Il n'est pas contesté que l'assemblée générale des copropriétaires a régulièrement voté cette résolution [nº 8] conformément aux dispositions de la loi de 1965 et aux stipulations du règlement de copropriété.

Madame [H] ne conteste pas l'existence de la porte litigieuse.

Le principe d'égalité entre les copropriétaires ne signifie pas que la tolérance qui aurait pu être précédemment consentie quant à l'existence de cette porte, oblige dans l'avenir à la même tolérance sans que la situation ne puisse être à nouveau examinée à la demande de la majorité des copropriétaires.

Madame [H] ne rapporte aucune preuve de l'existence d'une rupture d'égalité entre copropriétaires à l'occasion du vote des résolutions de l'assemblée générale tenue le 6 mai 2021.

Il résulte par ailleurs des pièces versées au dossier de la procédure, notamment de l'état descriptif de division du 1er décembre 1982 et des plans de situations annexés au procès-verbal de constat de maître [C] [Z] du 30 avril 2021 que les lots 1 à 8 appartenant à plusieurs copropriétaires du rez-de-chaussée de l'immeuble sont desservis par un couloir où se trouve la porte litigieuse.

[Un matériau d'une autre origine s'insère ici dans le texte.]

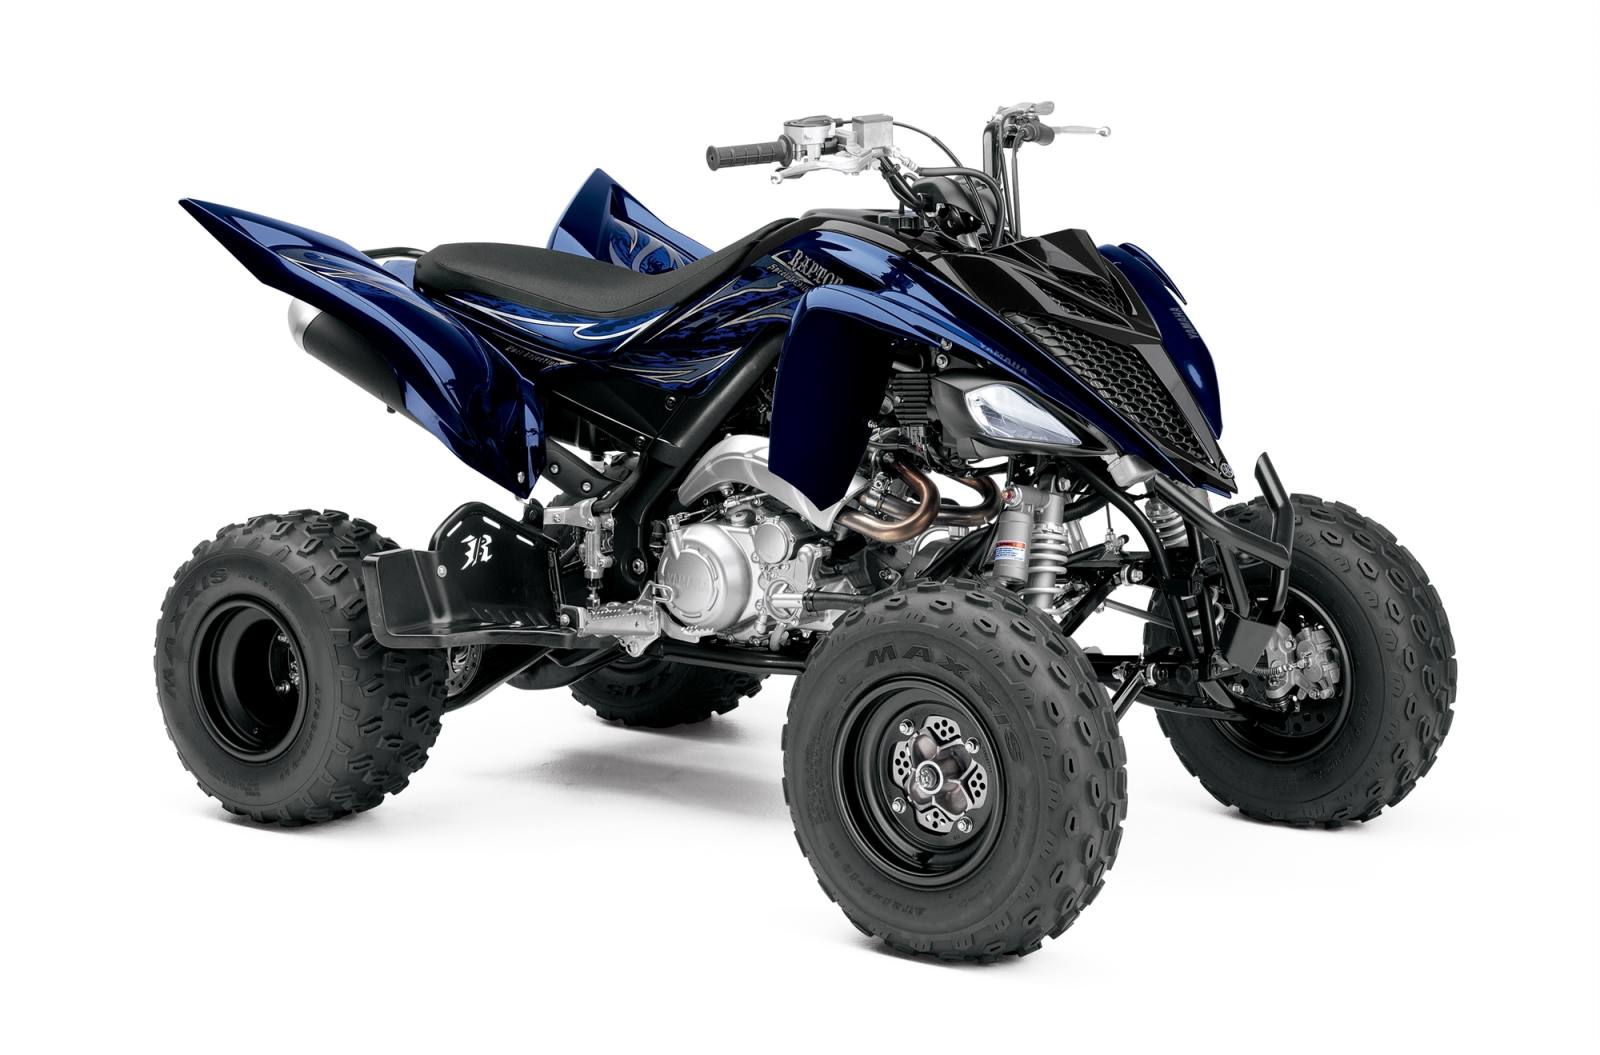 2014 Yamaha Raptor 700R SE for sale in Fairbanks, AK. Northern Power ...

Cet état descriptif mentionne explicitement en son article 1 que les vestibules, couloirs d'entrée, les escaliers, leurs cages et paliers sont comprises dans les parties communes spéciales et ne mentionne pas le couloir où se trouve la porte litigieuse, en son article 2 relatif aux parties communes dont la jouissance est réservée à certains lots.